Flash storage became a reality. The data set migrated from spinning disks to flash. Now, the million dollar question that came up is whether HBase is capable of efficiently using flash hardware. I benchmarked HDFS and HBase with data on flash storage and posted the results in an earlier post.The short story is that the HDFS/HBase of 2012 had a few software bottlenecks because of which it was not able to use flash storage efficiently. It became clear that if data is stored in flash storage, then we need a new storage engine to be able to serve a random workload on that data efficiently. I started to look out for techniques to build the next generation key-value store, especially designed to serve data from fast storage.

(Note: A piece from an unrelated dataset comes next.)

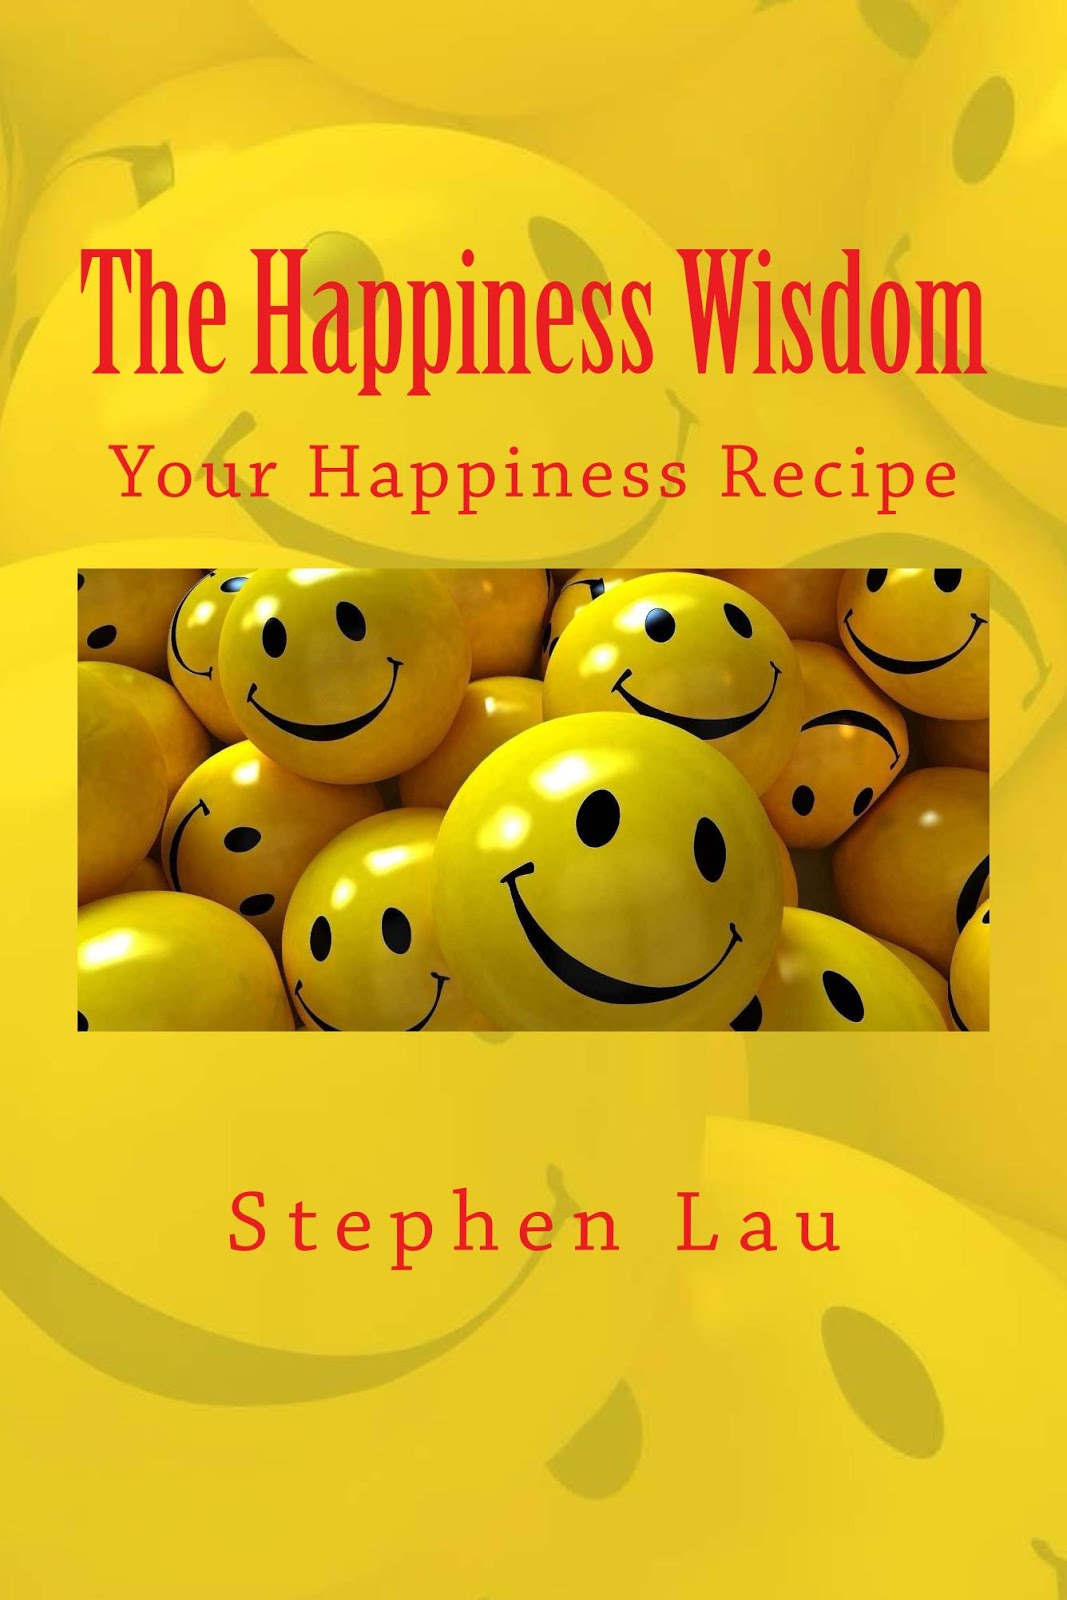 <b>The Happiness Wisdom</b>

Why do we need an Embedded Database?
Flash is fundamentally different from spinning storage in performance. For the purpose of this discussion, let's assume that a read or write to spinning disk takes about 10 milliseconds while a read or write to flash storage takes about 100 microseconds.  Network network-latency between two machines remains around 50 microseconds. These numbers are not cast in stone and your hardware could be very different from this one, but these numbers demonstrate the relative differences between two scenarios. What does this have anything to do with application-systems architecture? A client wants to store and access data from a database. There are two alternatives, it can store data on locally attached disks or it can store data over the network on a remote server that have disks attached to it. If we consider latency, then the locally attached disks can serve a read request in about 10 milliseconds. And in the client-server architecture, accessing the same data over a network results in a latency of 10.05 milliseconds, the overhead imposed by the network being only a miniscule 0.5%.  Given this fact, it is easy to understand why a majority of currently-deployed systems use the client-server model of accessing data. (For the purpose of the discussion, I am ignoring network bandwidth limitations).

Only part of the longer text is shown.